- **Given material**:
◆ ◆ ◆
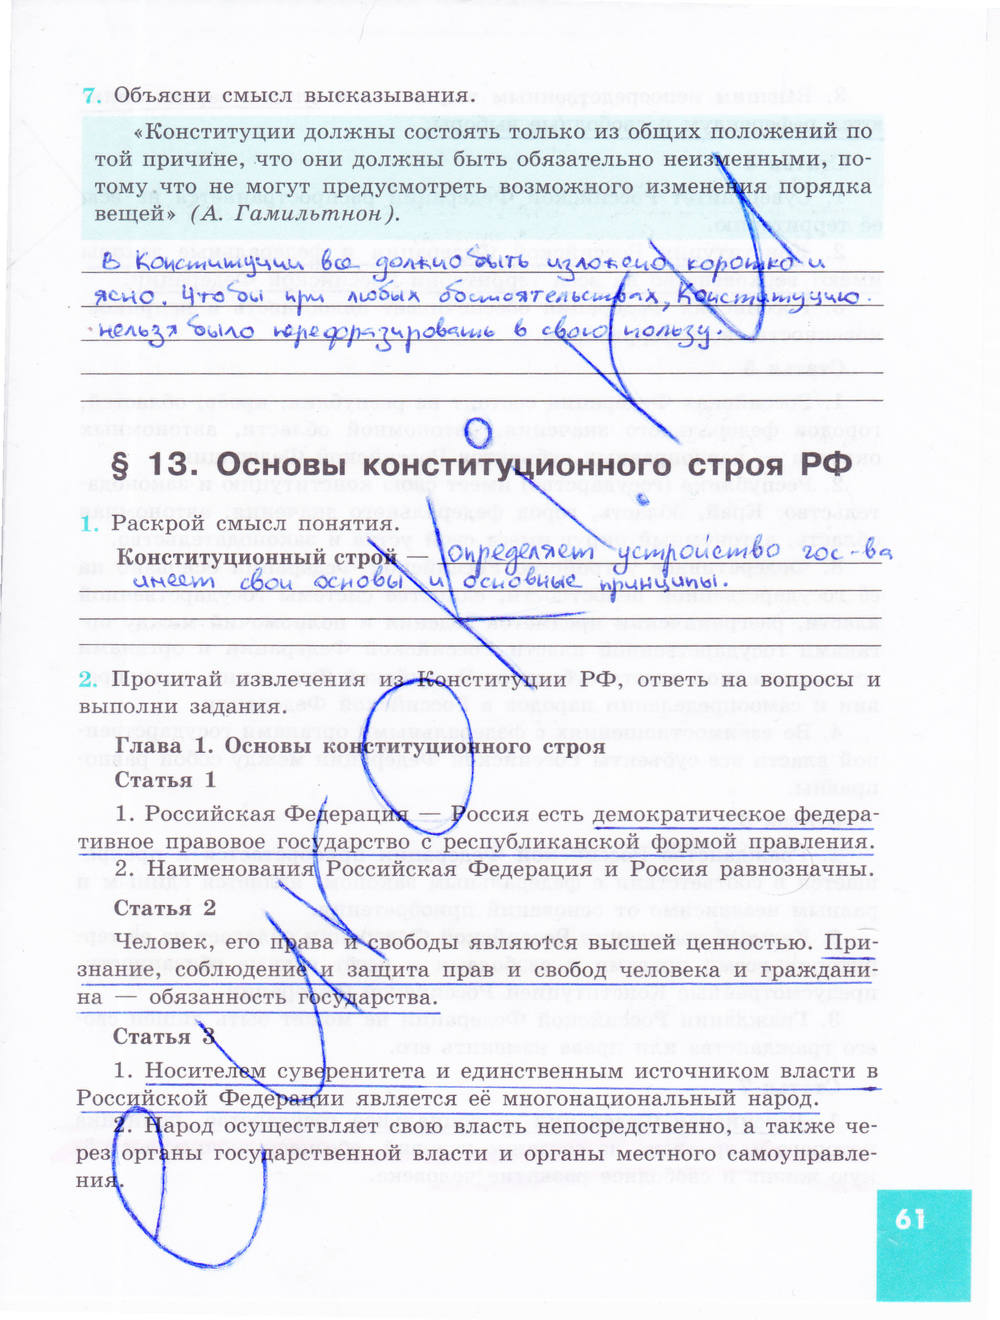 Зеленая тетрадь, 9 класс, Котова О.А. Лискова Т.Е., 2015, задание: стр. 61
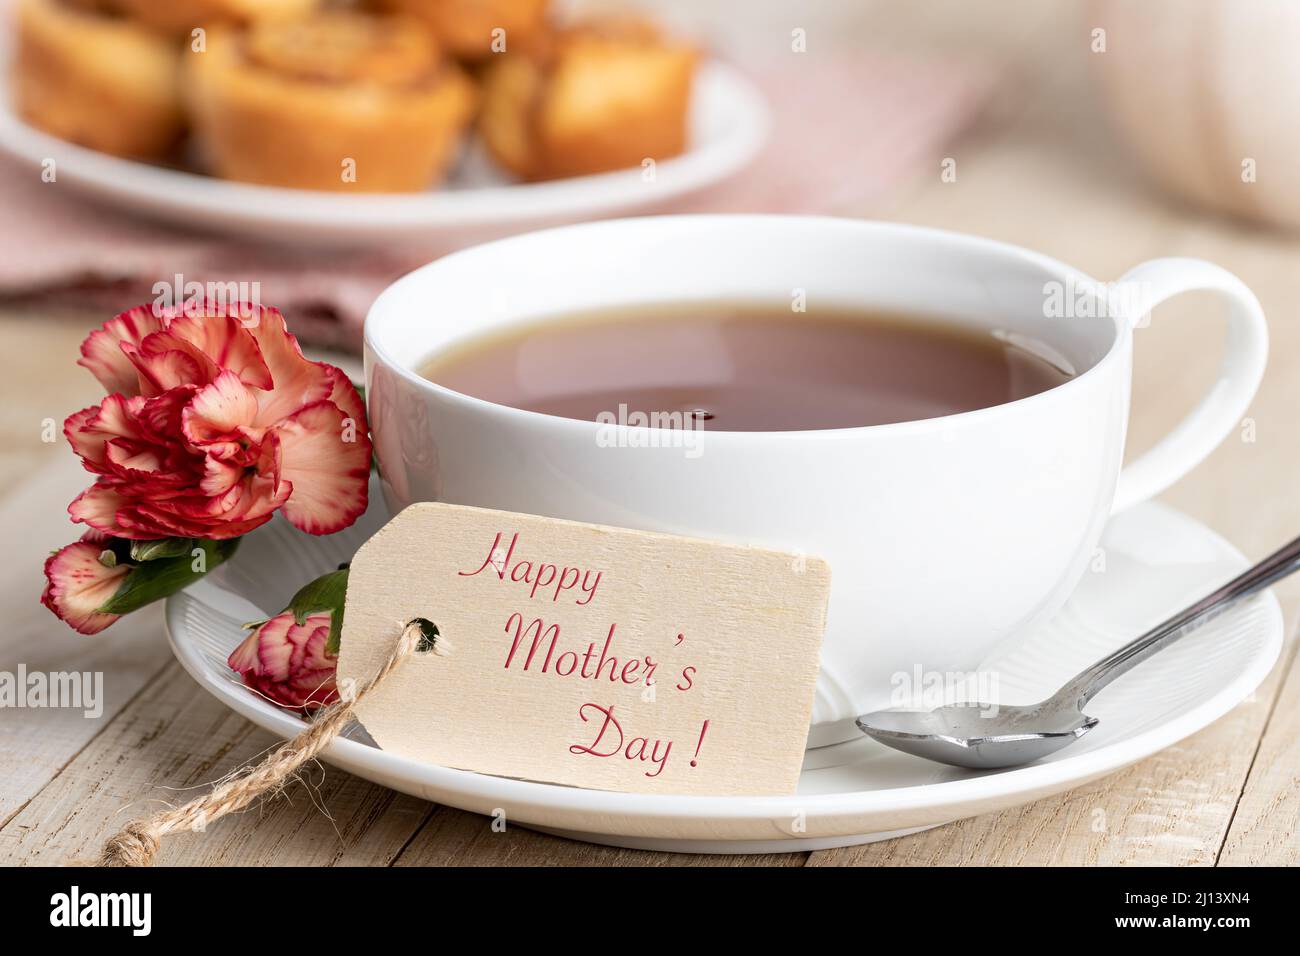 Happy Mothers giorno tag e tazza di tè con garofano rosso su un tavolo di legno Foto Stock
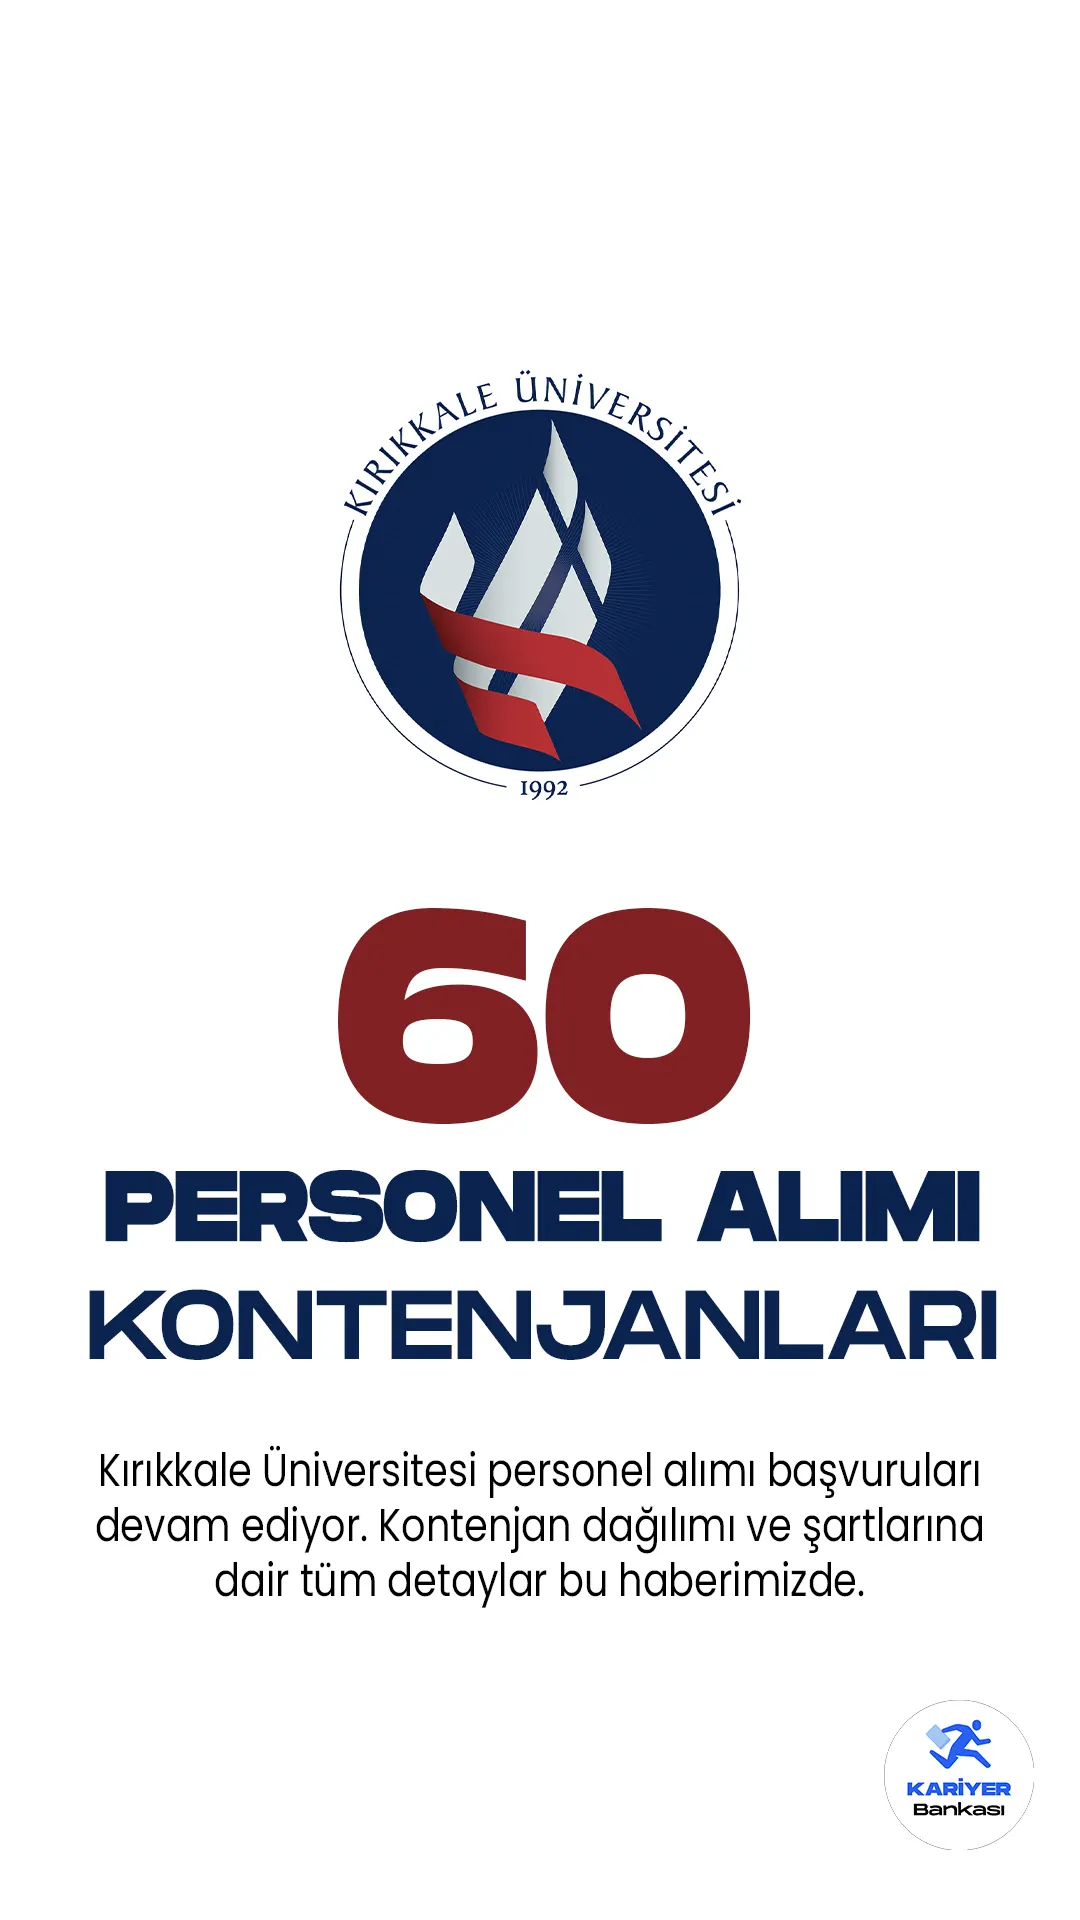 Kırıkkale Üniversitesi 60 personel alacak. Kontenjan dağılımı ve şartlarına dair tüm detaylar bu haberimizde.
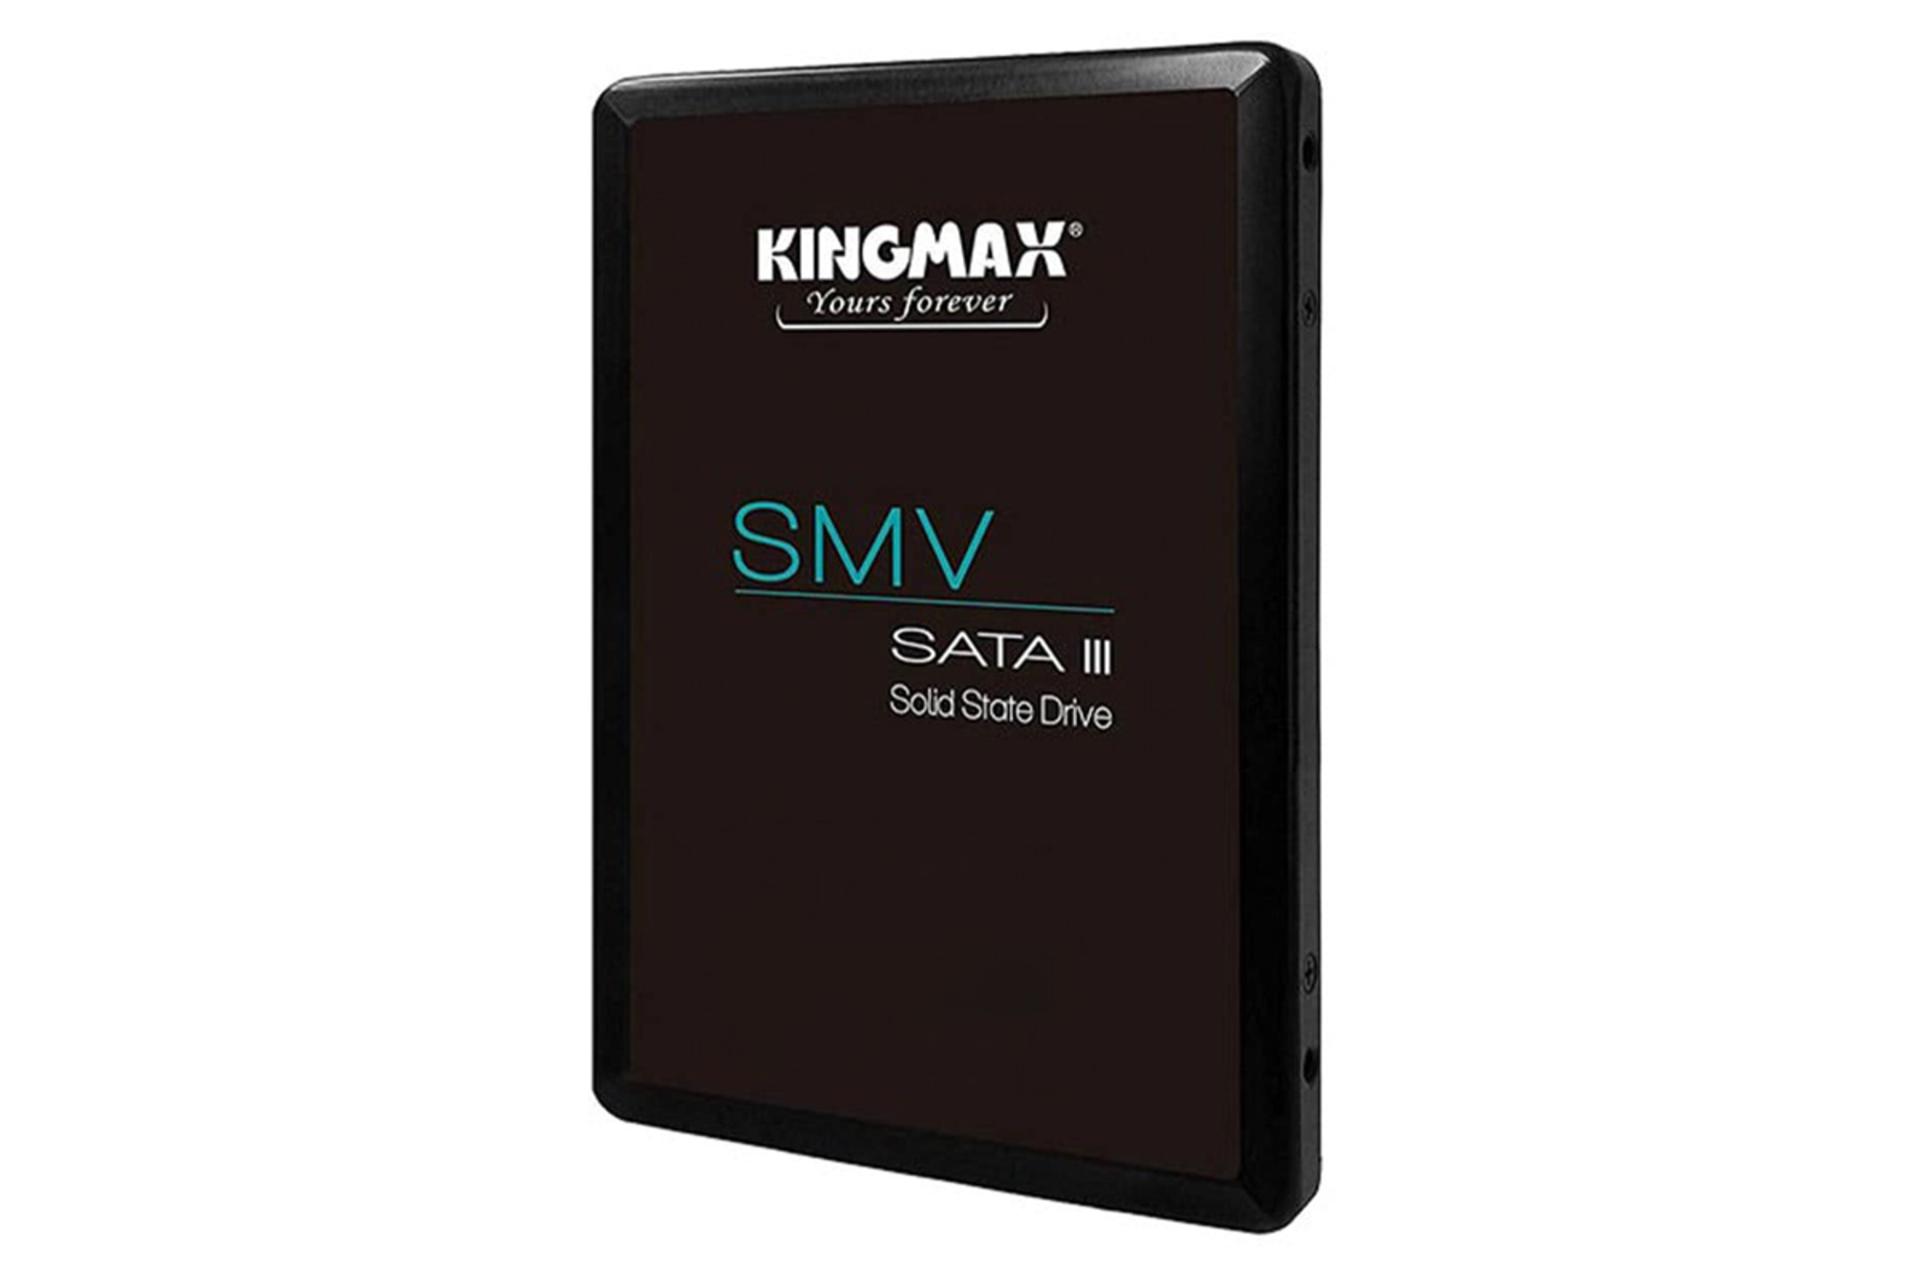 ابعاد و اندازه اس اس دی کینگ مکس SMV SATA 2.5 Inch ظرفیت 512 گیگابایت
◆ ◆ ◆
- **Task**: Everything from the line containing "Happy Mothers giorno" to the final line of the listing above, both ends included, should be transcribed word for word, except for the pictures.

- **Result for this exercise**:
 Happy Mothers giorno tag e tazza di tè con garofano rosso su un tavolo di legno Foto Stock
 Kırıkkale Üniversitesi 60 personel alacak. Kontenjan dağılımı ve şartlarına dair tüm detaylar bu haberimizde.
 ابعاد و اندازه اس اس دی کینگ مکس SMV SATA 2.5 Inch ظرفیت 512 گیگابایت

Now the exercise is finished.